** What to work on **
Give again, exactly as written, the lines of the records below from the line with "The key art for the FFXIV Live Letter 68." to the line with "Happy Holidays from". Both end lines count; pictures do not.

** Listed records **
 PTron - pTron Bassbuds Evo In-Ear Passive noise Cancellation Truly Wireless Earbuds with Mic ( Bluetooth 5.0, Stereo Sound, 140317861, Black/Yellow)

==

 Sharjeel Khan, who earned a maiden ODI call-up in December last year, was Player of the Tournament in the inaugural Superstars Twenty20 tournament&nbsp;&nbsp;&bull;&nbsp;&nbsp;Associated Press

==

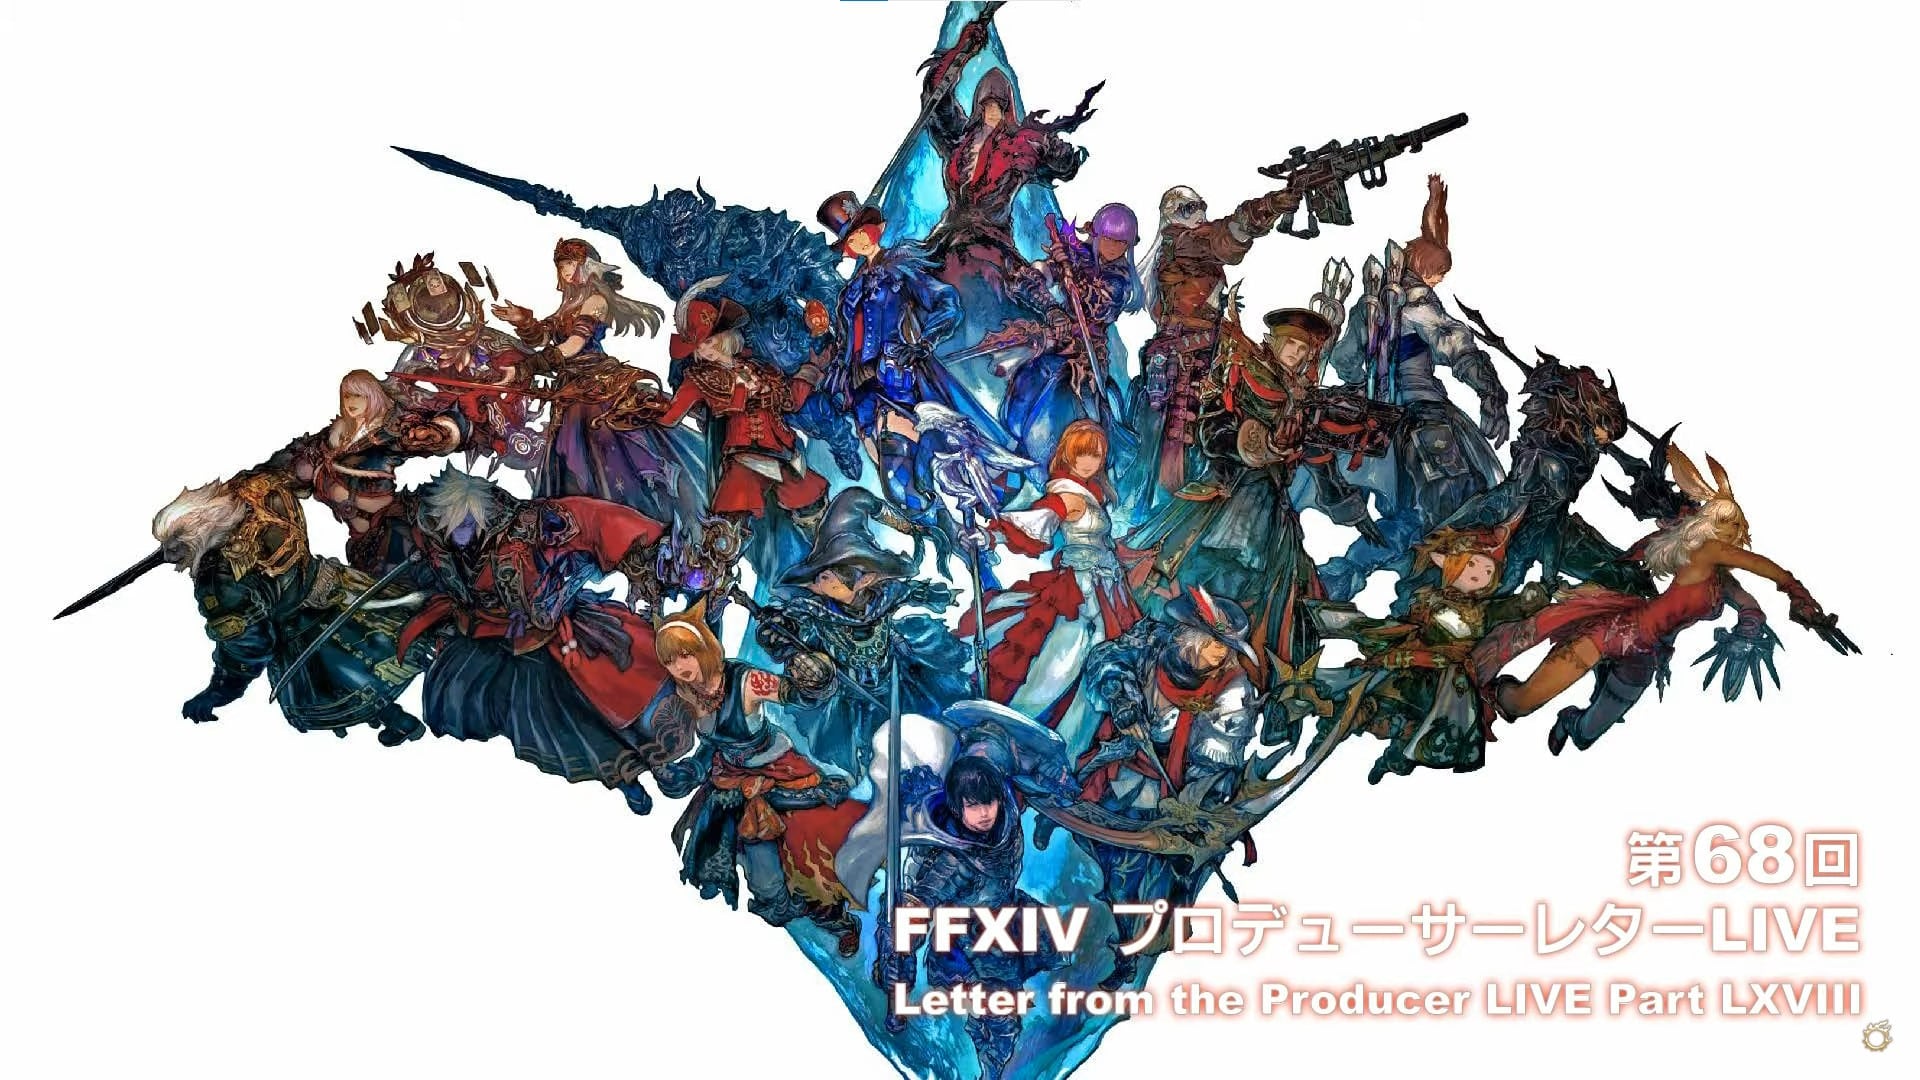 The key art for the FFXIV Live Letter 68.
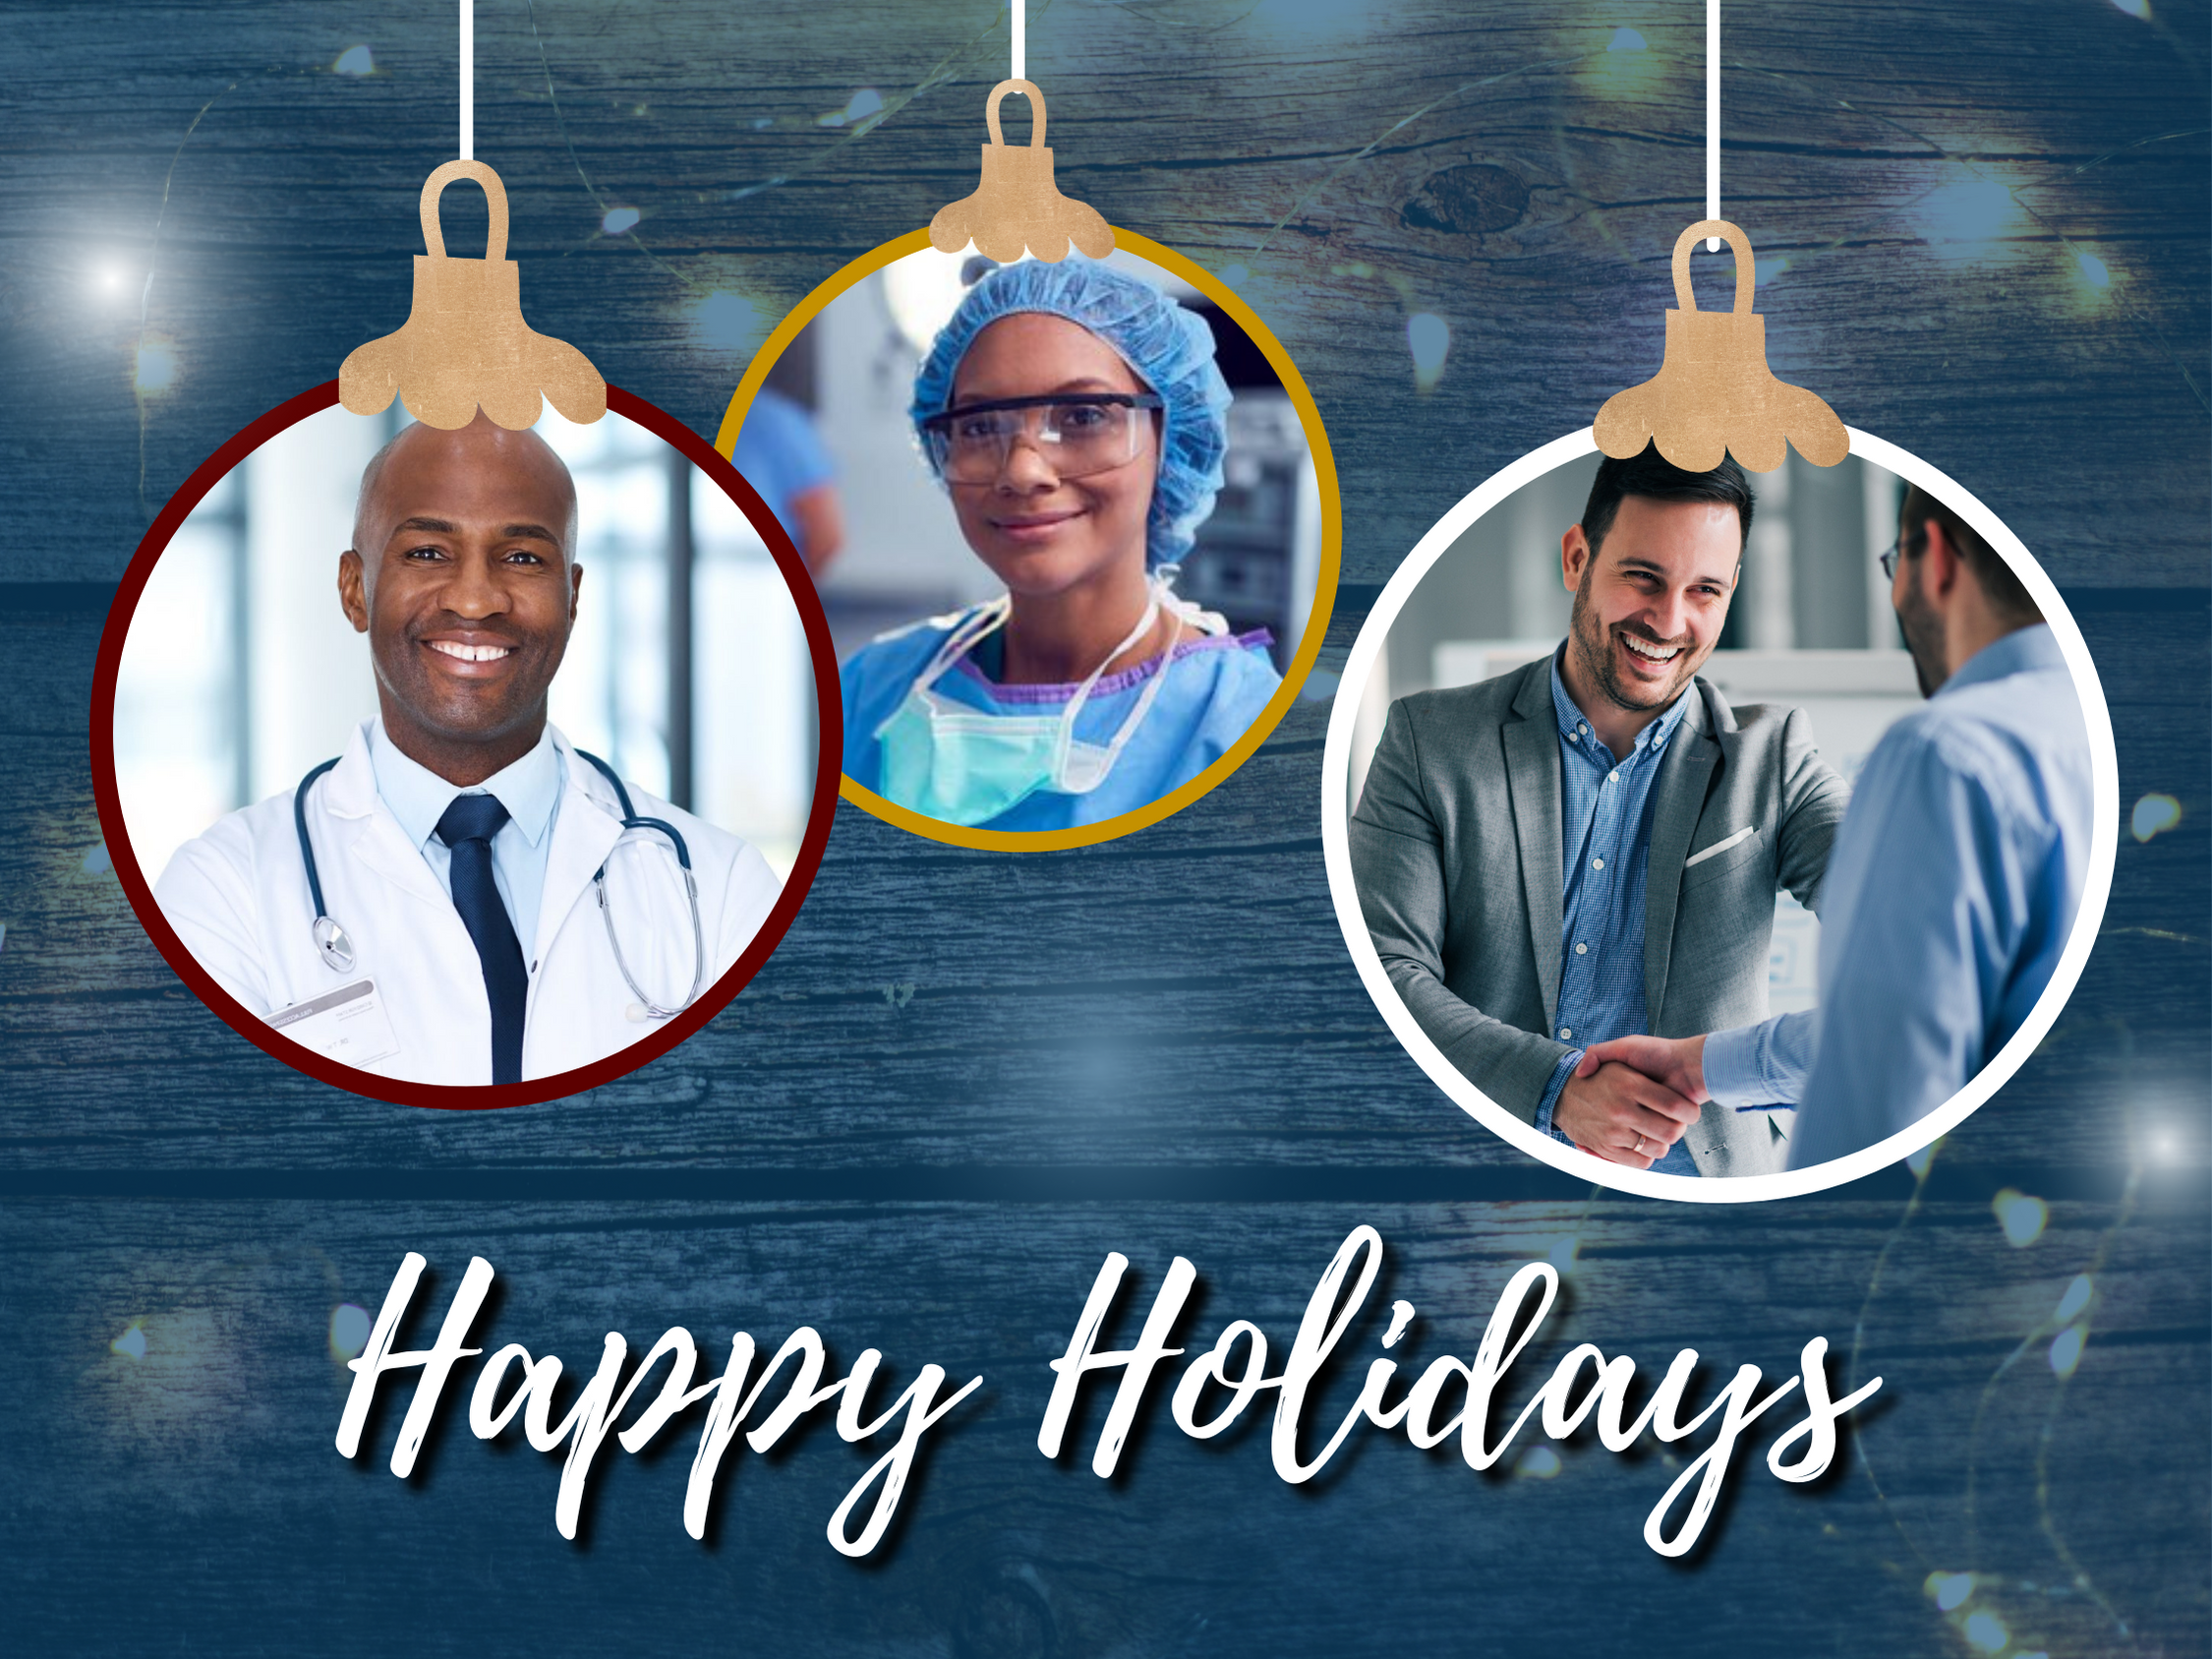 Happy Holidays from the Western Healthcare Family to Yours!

** Your response **
 The key art for the FFXIV Live Letter 68.
 Happy Holidays from the Western Healthcare Family to Yours!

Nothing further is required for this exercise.